In Table 10 of Economic Statistics to which I have already referred, the profits from agriculture, forestry and fishing are set out for each year. In 1957 these profits were £108.6 million. In 1958 they had fallen to £97.4 million. In 1959 they had risen to £106.5 million. In 1960 they had come back to the figure of 1957, £108 million. This year the Minister boasts that they have increased by a further £8 million but he has quite overlooked the fact that over the period to which these figures refer there has been a drop of 17 per cent. in the value of money. The cost of living has gone up 17 per cent.
That rise in the cost of living impinges just as directly on every small farmer in Monaghan, Cavan, Donegal, Leitrim, Mayo, Galway, Sligo, Clare, Limerick, Kerry, Cork— and many other counties in Ireland where one does not think of there being small farmers at all, like Meath and Laois-Offaly, where we ordinarily think that all the farmers are big farmers but where there are a great many small farmers too—as it does upon a man working for wages or a salary.
This means that the £ in 1961 is worth the equivalent of about 16/2 in 1957. That means that the profits of the agricultural industry in 1957 were £108 million. According to the estimate in Table 10 of Economic Statistics issued prior to the Budget 1962, the profits accruing to the farmers of the country at large are now £116 million but in fact that means the equivalent of £96.3 million as compared with £108 million in 1957. It is astonishing to me that nobody adverts to that fact.
I suggest to the House that in terms of real money the farmers today are receiving approximately £15 million less for their labour than they were getting five years ago. That is the reason why the Minister for Lands is making plans to take over the derelict farms in Mayo, Monaghan, Cavan and the other counties where the bulk of the land is in the hands of the small property-owning farmers. It is because the Government have forgotten this category of people, it is because the Government have not realised that the wage earning classes and the salaried classes got the seventh round and the eighth round of wage increases to compensate them for the rising cost of living and that these people got nothing, that a very large percentage of these people are giving up the fight, selling their land and going to England in search of work.
I want to direct the attention of the House urgently to the fact that that disastrous development, that effective reduction in the income of the small farmers, will not only leave considerable areas of the land derelict but will react on the towns and villages as well. The business people in the small towns and villages in Ireland are discovering the growing flood of emigration of their customers is circumscribing and reducing their business with consequential reduction in employment and a further contribution to the tide of emigration to the United Kingdom where the industrial machine is still prepared to absorb a very considerable number of our people. But the element of the population which is going is the element of which this country stands in most urgent need, and that element is the boys and girls between the ages of 18 and 25. They are not only the most dynamic and precious element of the community but, from the purely economic viewpoint, they are the consumers, and anyone who has any experience of business in rural Ireland realises that their disappearance is playing havoc with the small towns and villages of this country, to the great detriment of the whole social structure of rural Ireland.
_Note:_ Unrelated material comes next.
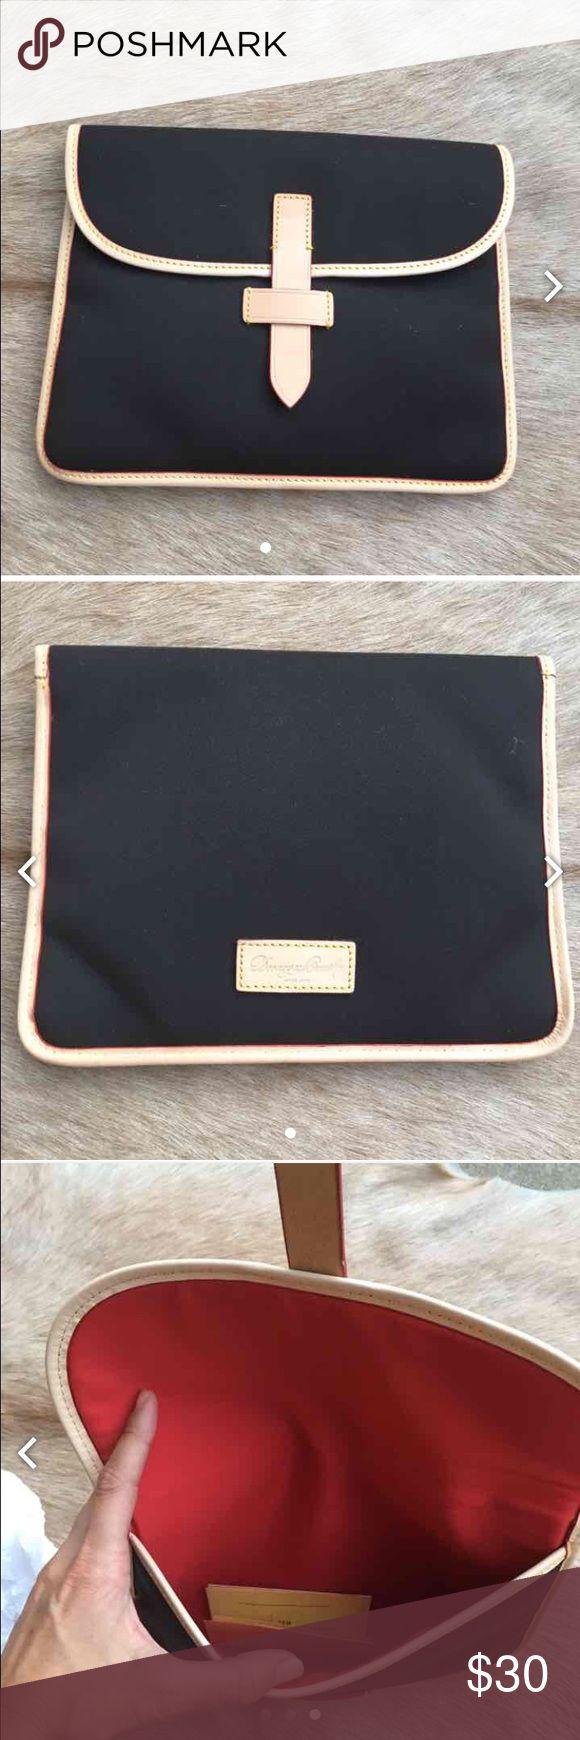 Dooney & Bourke IPad Carrying Case Dooney & Bourke IPad Carrying Case Dooney & Bourke Accessories Tablet Cases

What horrifies me is the conviction that the Government themselves either do not know or do not care about what is happening to this element of our society. I think that the most important, valuable and permanent feature not only in the economic but in the social life of this country is facing prospective destruction and that this is a great disaster for Ireland. I believe we could take effective measures forthwith to reverse this process and I am hopeful that an effective Government could do so. I am hopeful that we can get this Government out so that another Government can do what requires to be done.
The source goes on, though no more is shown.